The moral path to climate justice is more crucial now than ever before. The World Health Organization estimates that 150,000 people already die from climate change each year and, if human-produced emissions are not phased out, this number will dramatically rise in decades ahead. Climate change is essentially a pandemic, yet elected leaders are not treating it as such.

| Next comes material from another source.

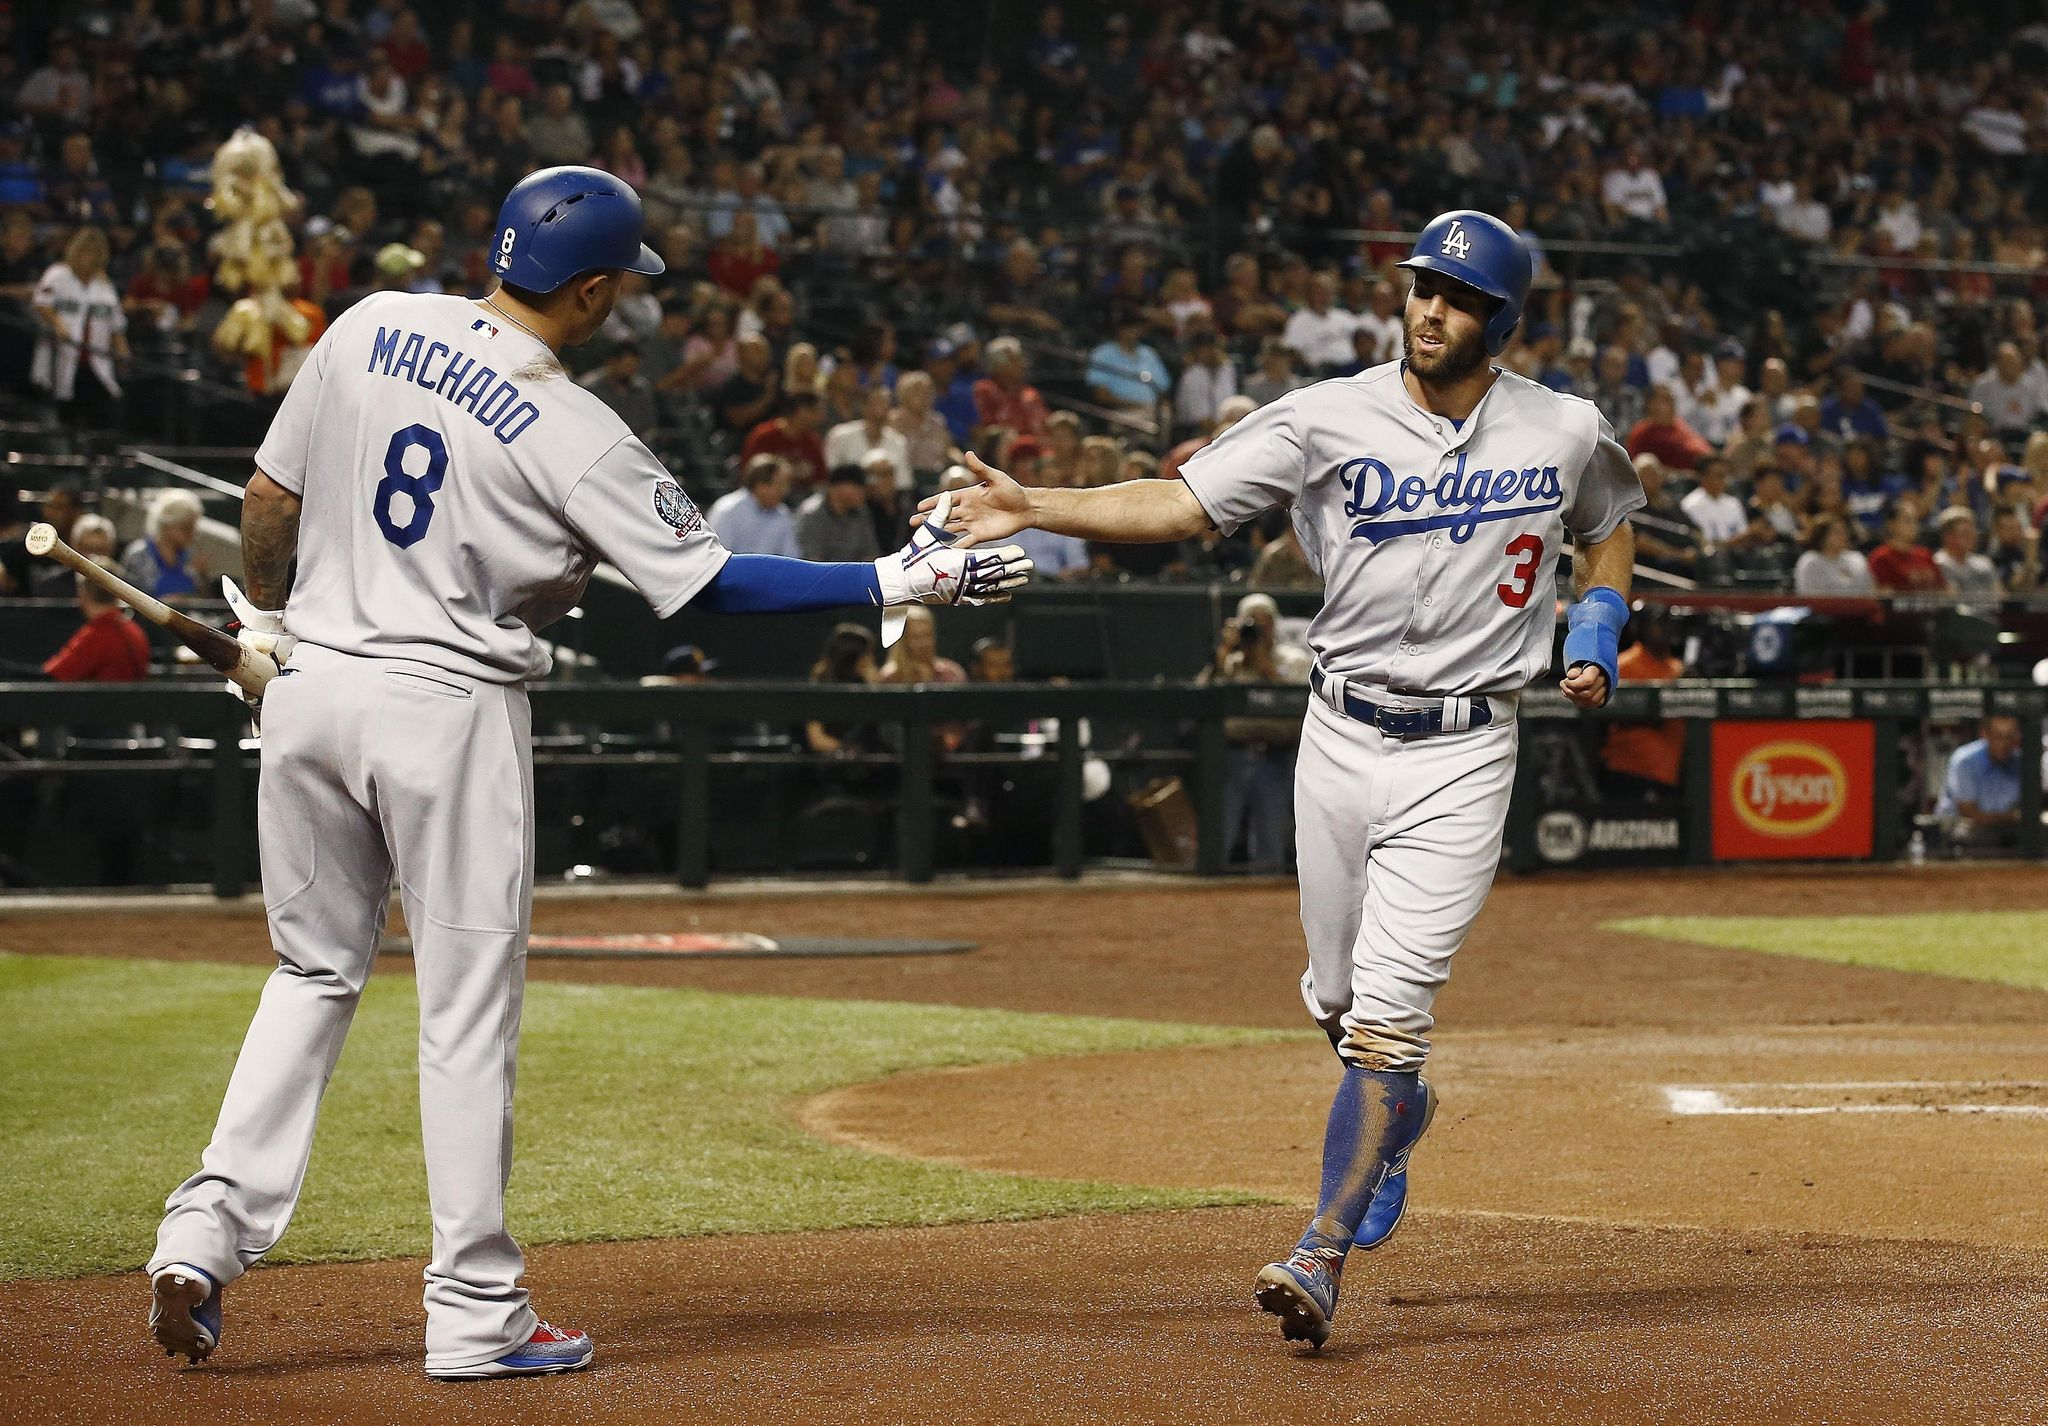 Dodgers_diamondbacks_baseball_38602_s2048x1426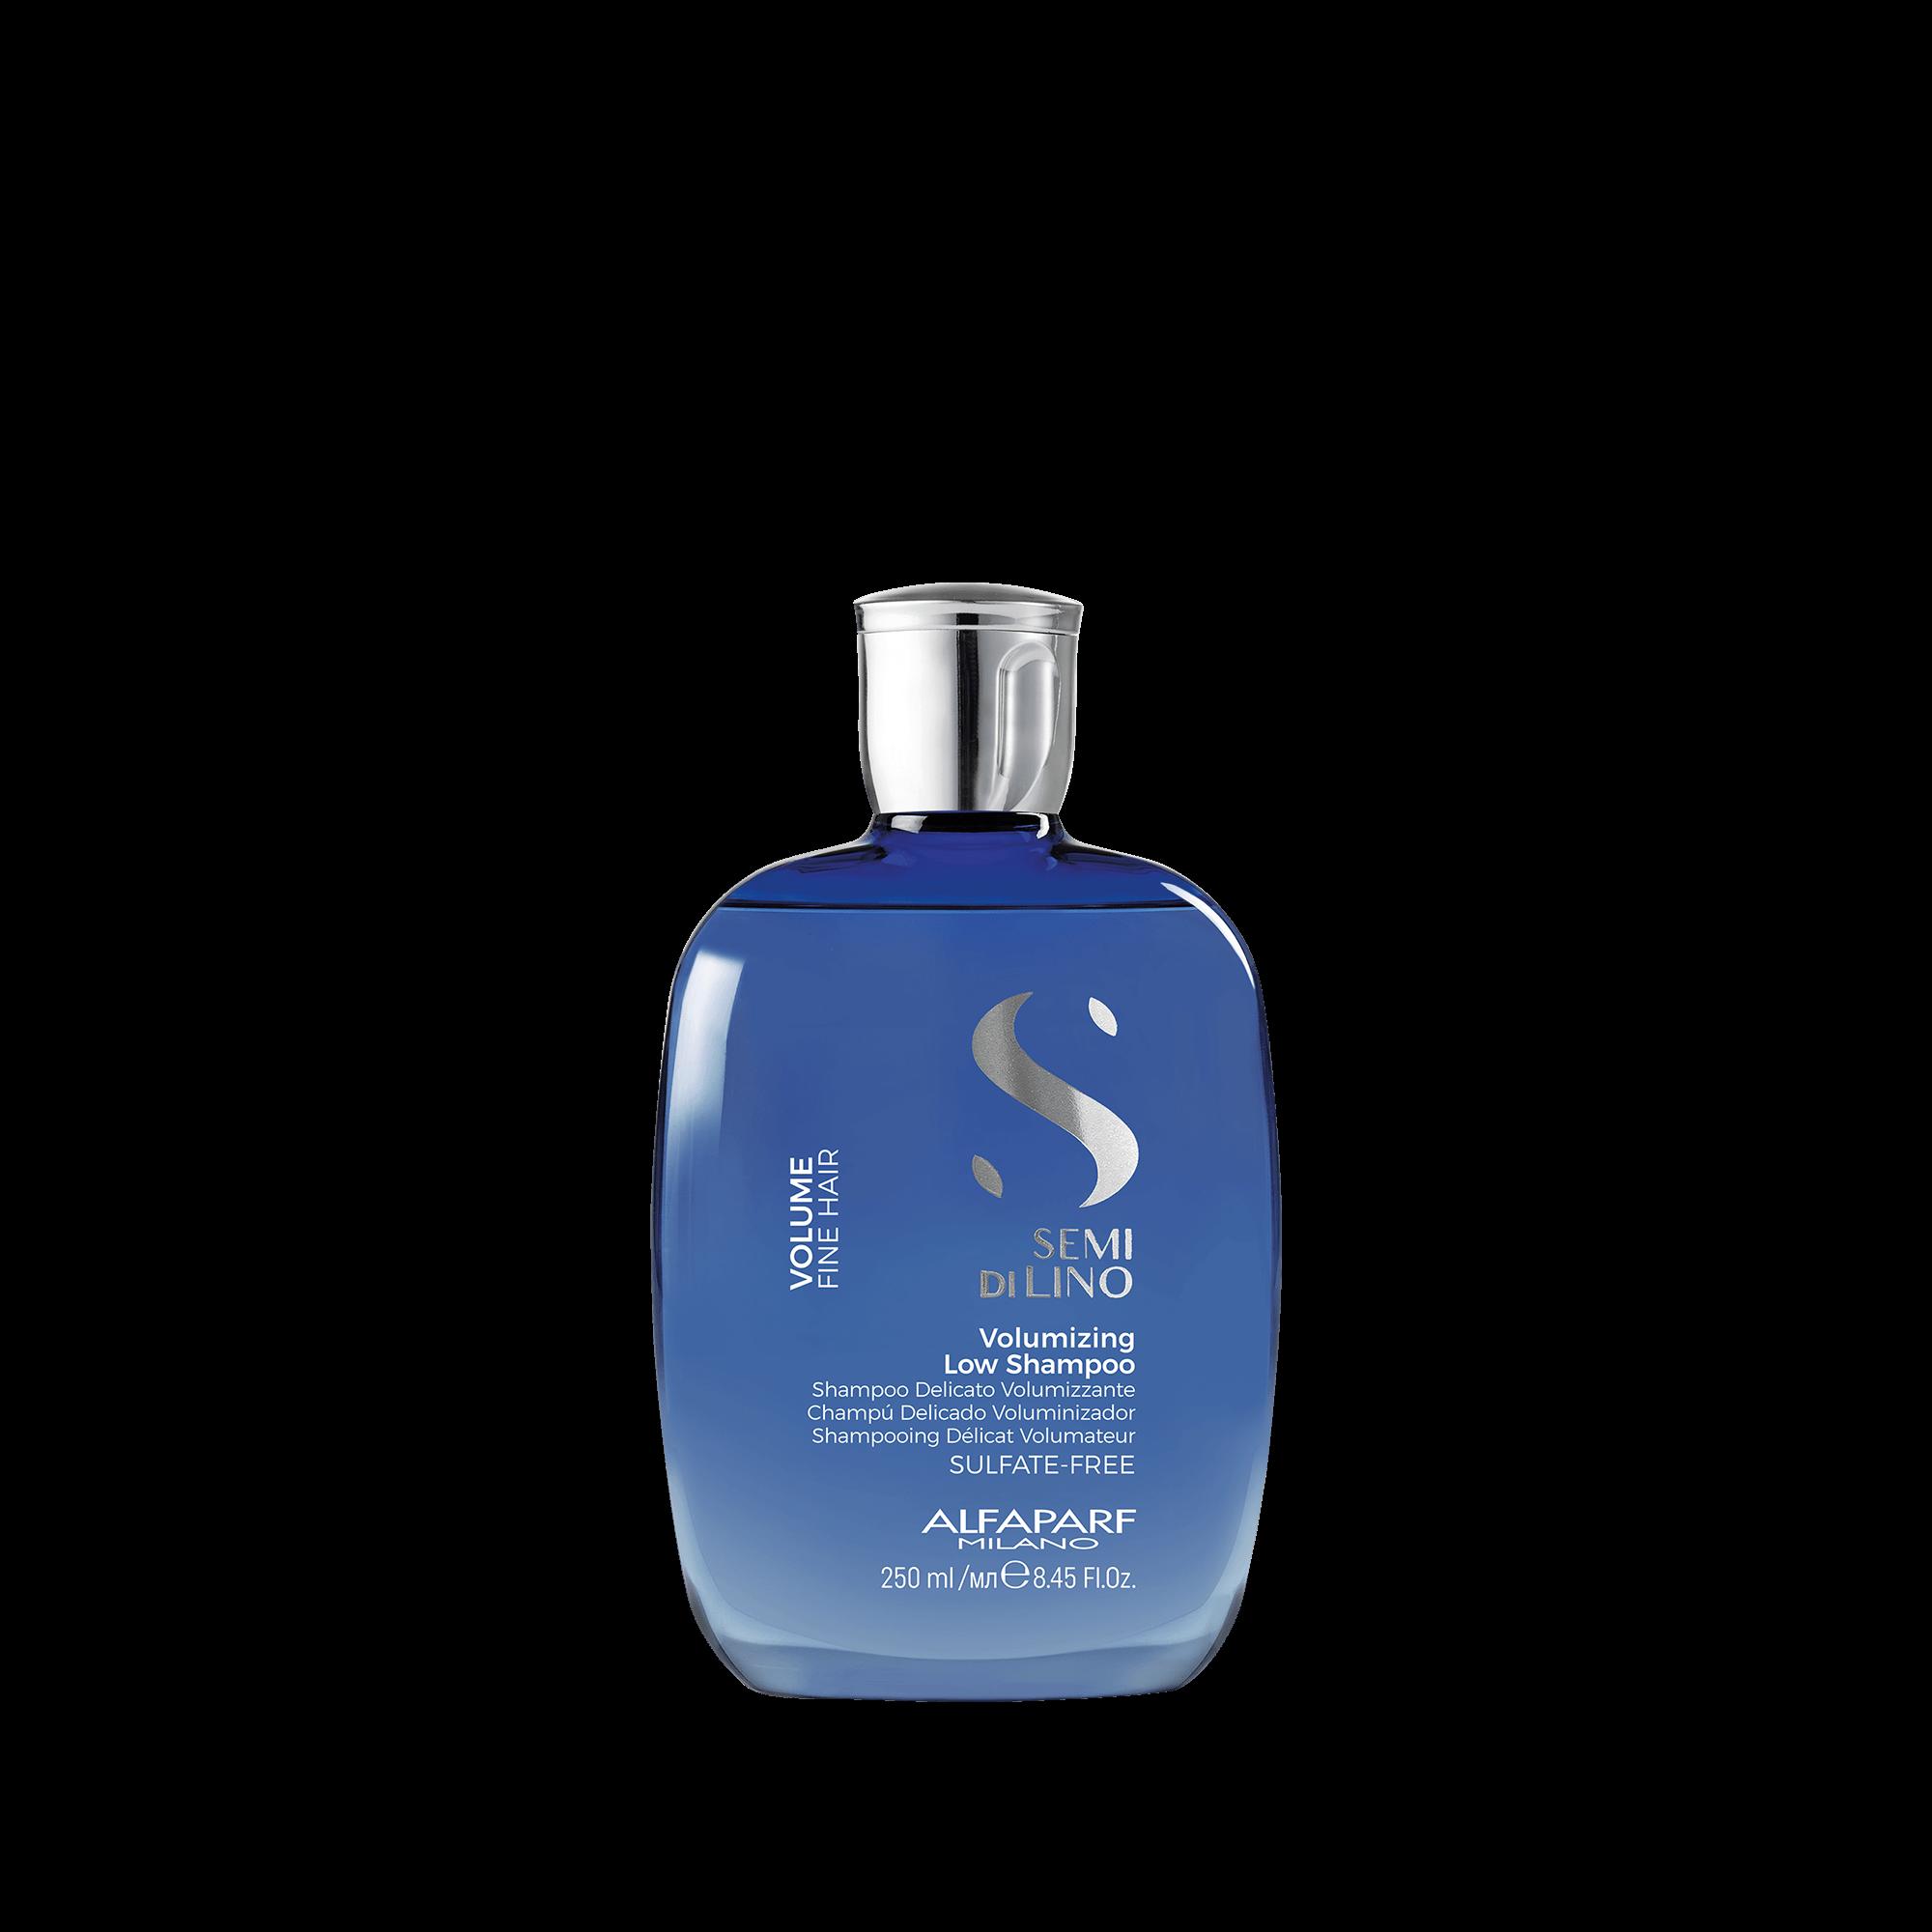 Semi DiLino Volumizing Low Shampoo  (Fine Hair/ Oily Scalp) Image

Behavioural scientists have long said that it is challenging for humans to recognize the moral obligations associated with real climate action. But this error in judgement is no longer excusable. By highlighting existing moral values, such as those associated with political discourse and religious stewardship, humans are perfectly capable of overcoming the complexities of the climate crisis and are able to begin recognizing the injustices associated with a warming planet. This alone indicates that Canada’s response to climate action is deplorable. By refusing to ambitiously act on climate change, the Canadian Government is essentially arguing that the lives and livelihoods of its citizens are worthless.
And because world leaders aren’t making fair, ambitious, and binding policy decisions at the climate negotiations quickly enough, citizens of this world, and of Canada, are taking matters into their own hands and are building strong grassroots movements.
Weaving in a local perspective
In Saskatchewan, the land-locked province in the middle of the country, we are experiencing what some dub a “saskaboom”. Industry is driving the economy now more than ever in Saskatchewan. Saskatchewan’s basic resources are grains, livestock, oil and gas, potash, uranium, wood, and their refined products, which are all incredibly energy intensive. Coal-fired plants provides almost half of the province with power. In addition to coal-fired power plants, we have tar sands exploration in the north-west side of the province, uranium extraction in the north, and petroleum extraction in the south. Transportation is also a huge emitter of greenhouse gases. It’s hard to see the immediate impact of any of these carbon-intensive and extractive projects, but the cumulative effects are, to put it frank, scary.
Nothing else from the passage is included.